Sunday, March 17, 2013

My image

Not MY image, but the image I have in my mind.
A kind of system that's not quite a system, but not really NOT a system.
It's a place where people flourish and find their place among the whole, while at the same time not placing themselves above someone else.

Yeah, I believe it's perfectly fine to see yourself as an individual. I even love that. But in the end we are all living on the same planet, so we have to consider everyone else. It's about you, but it's also about them.

I think we have to learn to understand that eventually. That US and THEM all coincide on a planet. I think what we see on the outside, reflect what we are giving out to the earth. What happens on the outside shows to us what we are allow to be.

For example, here where I am, everything is fine. I see everything is okay. But looking somewhere else, such as at a documentary, it's not for others.

I feel some people are being repressed and I would think that it's because they have to learn from that, not me. But it can't be easy for them. Some people feel alone. But I know they aren't truly alone. But they may want someone who they can physically sit next to and talk to, as there seems to be some kind of comfort that comes from that. How can they guarantee that person will understand?

Why am I asking questions that don't pertain to me? lol Why am I considering all of this?

I feel that it helps me to understand more maybe. Thinking of all scenarios, all possible thoughts etc.

Maybe it helps me to understand what someone is saying sometimes. I could bring up all possibilities. Things that could occur. Does this help me in life? I don't know. Is it normal? I'm not sure.

Back to the image. In this place there is a place for everyone. And there are people who understand one person more than another. Taking into account that grouping based on race does not help to see the greater whole would probably be stressed but not enforced.

If there is a problem between two people, they are encouraged to speak about their side of the issue together to gain an understanding of where they have had a misunderstanding.

I think with people, it's the same as taking care of children! I really do. And maybe that's why I'm stressed a bit.

I like to create a warming atmosphere. I believe things such as the soft glowing light of a candle or outside light creates a calming effect. At the moment my room is dark. But in the house we stayed at before my room was the one where people gathered lol I remember thinking "Why are there so many people in here?"

But, the reason this place is important because I would like people to see that they are important and there is so need to feel above someone else, there's no need to feel that you have to do more or less. You don't have to feel guilty about what you feel because you are normal! Just feel, talk about it, express it and we can, together, find a way to channel that into something that could help.

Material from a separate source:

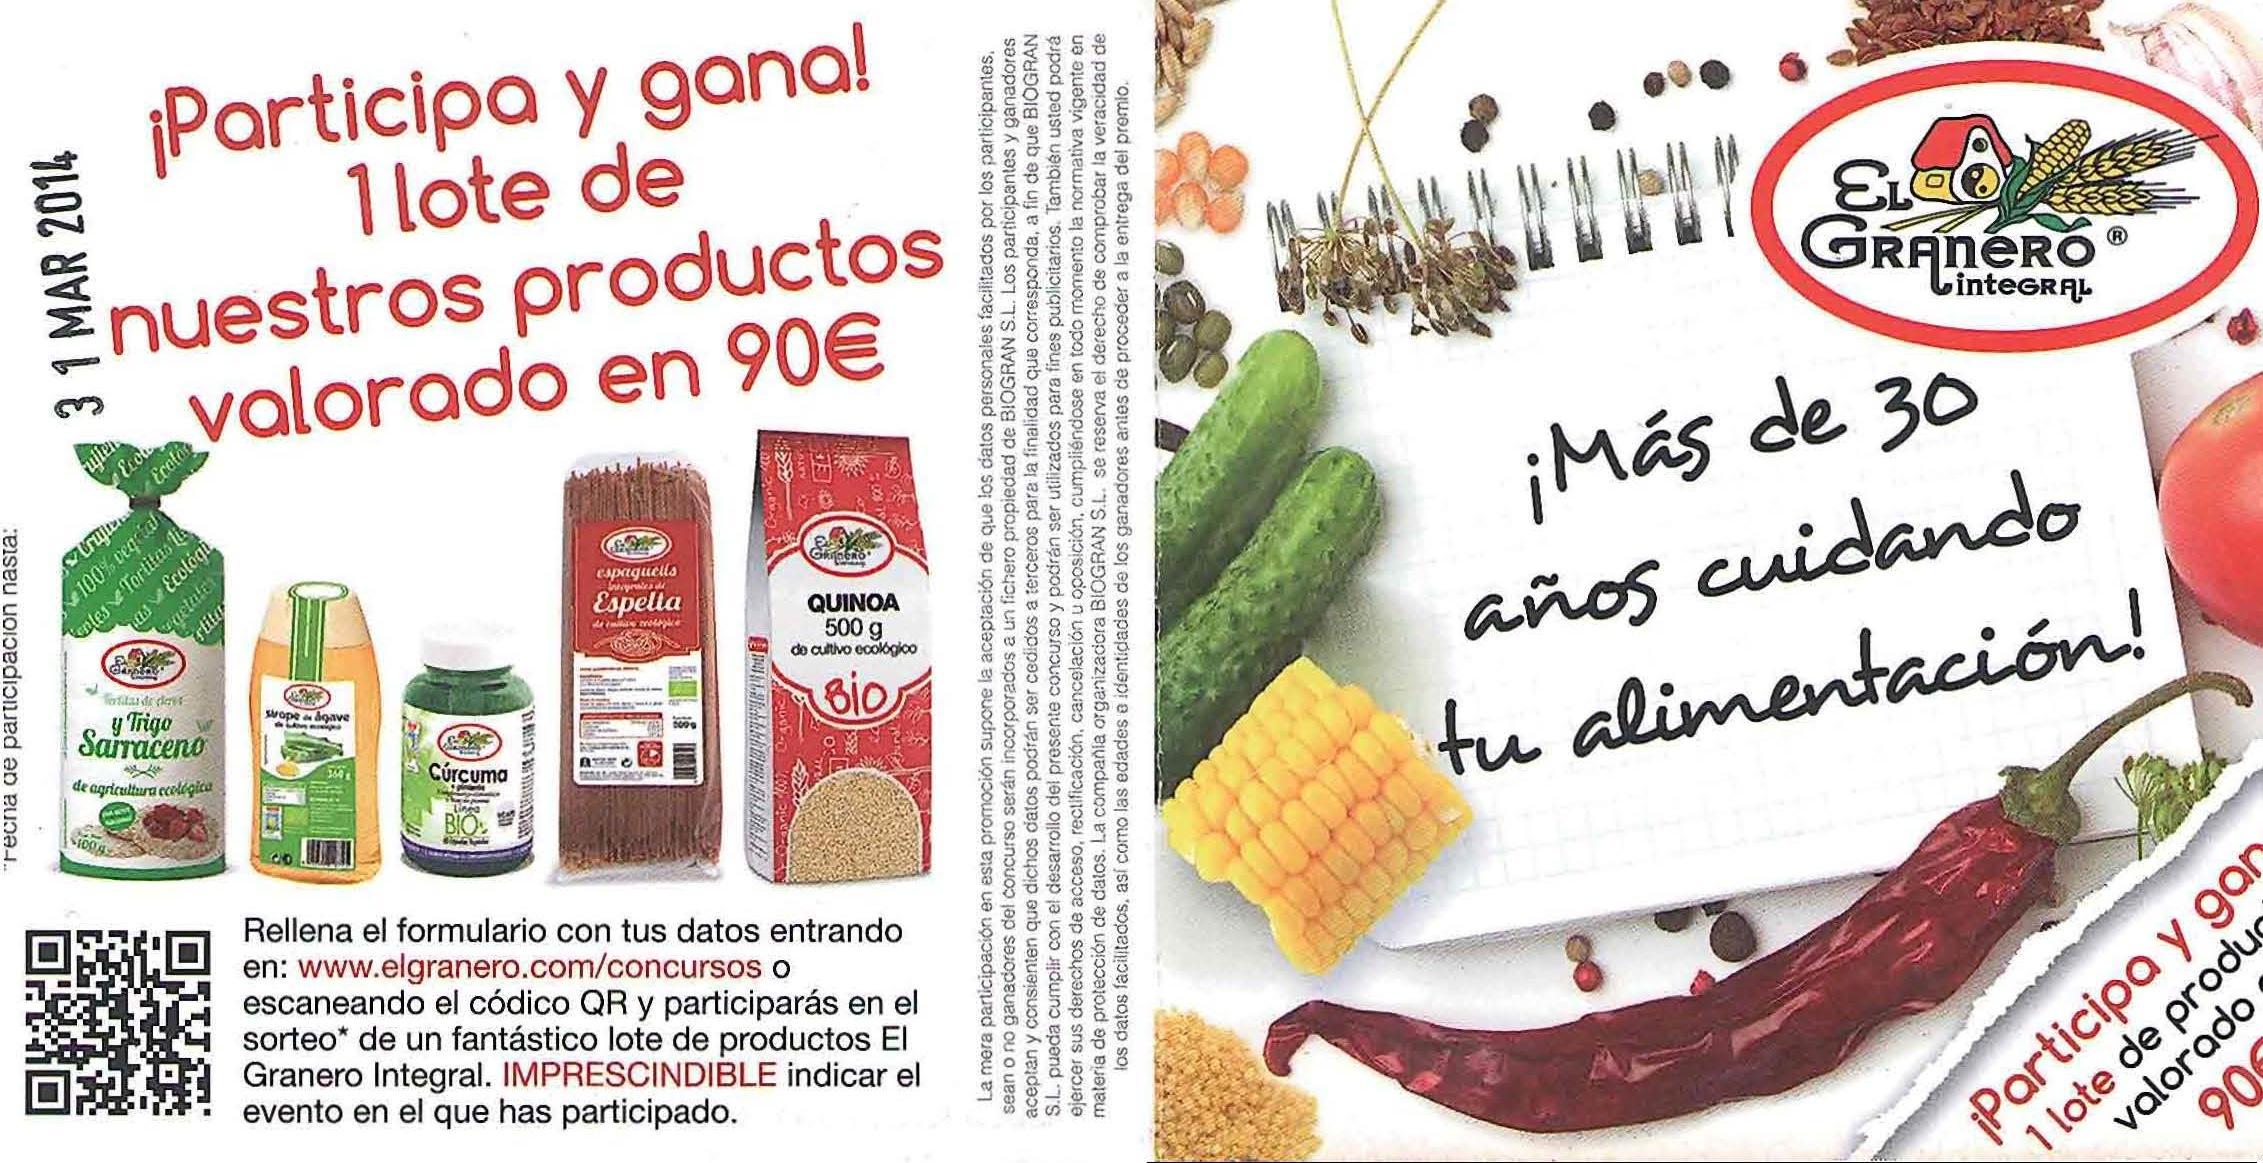 promocion1 el_granero_integral ASACO febrero 2014

Sidetracking, this is why I liked the show Lilo and Stitch. The show went like this, Lilo and Stitch would find an experiment, the experiment would cause chaos on their island, but in the end Lilo and Stitch would help the experiment find a place where it could use what it was doing to cause chaos, in an harmless, yet helpful, way.

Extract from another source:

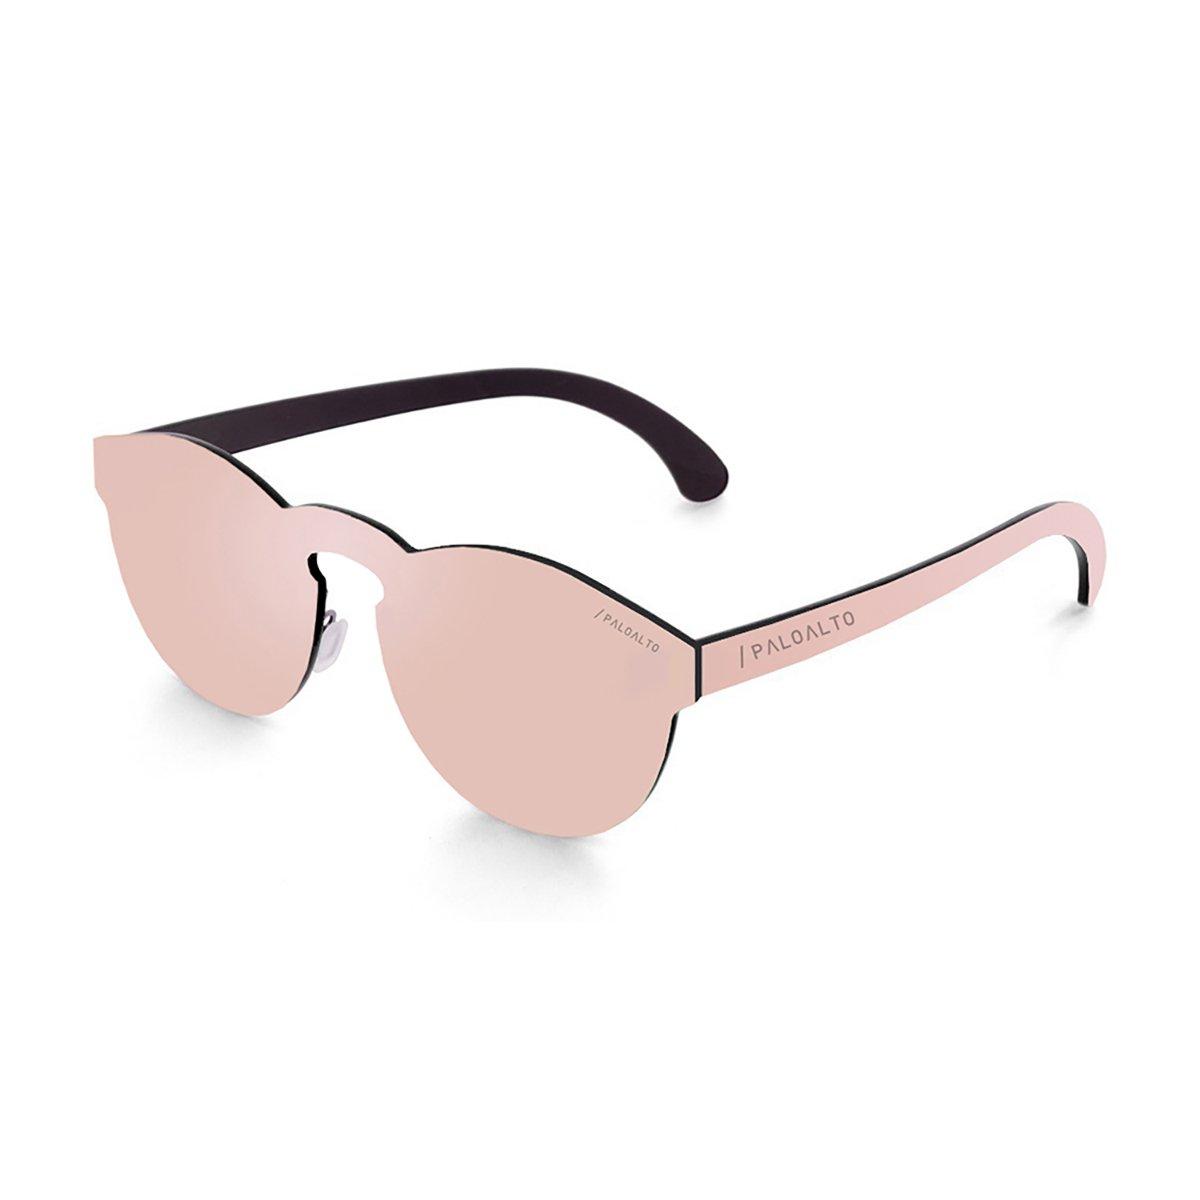 Paloalto Sunglasses p22.7 Gafas de Sol Unisex, Rosa: Amazon ...
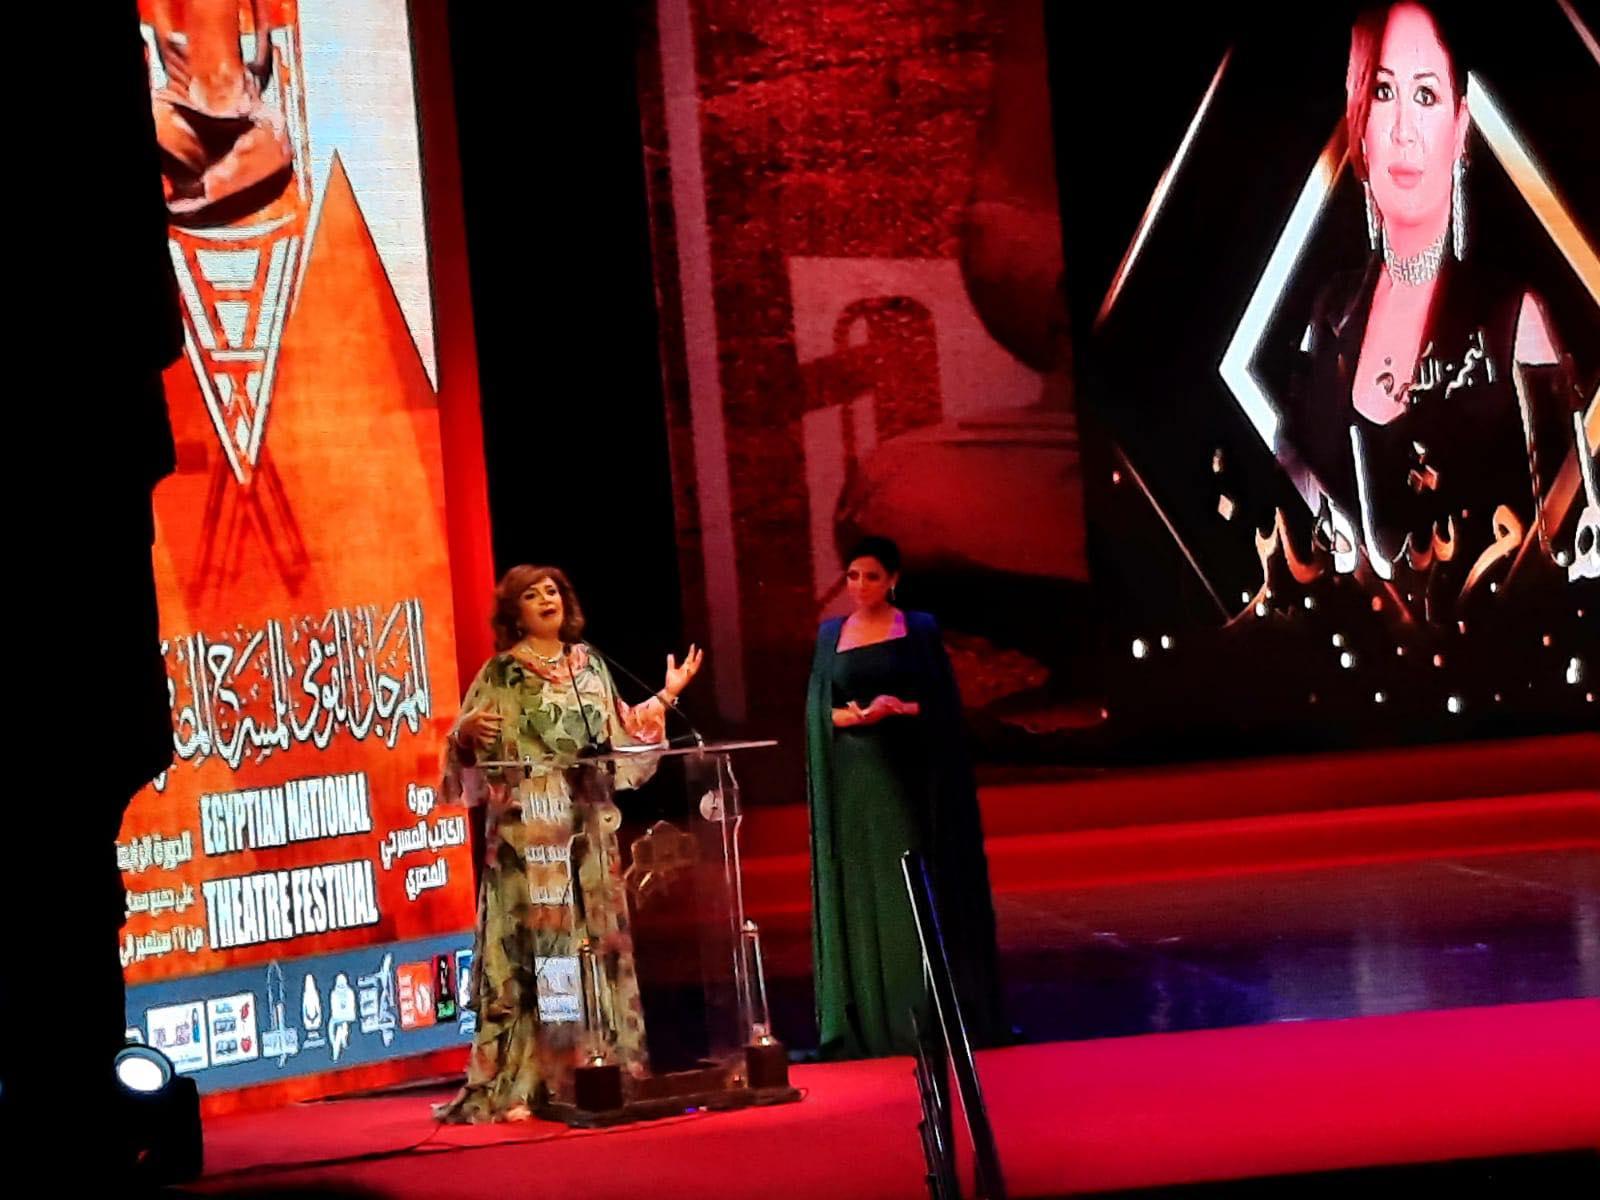 إلهام شاهين خلال تكريمها بـ القومي للمسرح  ثقافتنا وفنوننا من أقوى ما نمتلكه في مصر   صور

It's a really good message! And I didn't get that until now. But I believe that this is very possible. And if there isn't a place, we can create that! Who says we can't. Such as people who enjoy sex. Why is that a crime? Why is it looked down upon? I can see the answers, but look deeper.

There's nothing wrong with sex, but too much and people would start looking a bit confused. Especially if it's with multiple people. But seriously, I see nothing wrong with this. I would try to stress moderation, and I would try to see if there is a possible reason beyond their surface that could contribute to this constant behavior, but overall I would shrug and say "don't feel bad." Maybe some souls enjoy the physical sensation.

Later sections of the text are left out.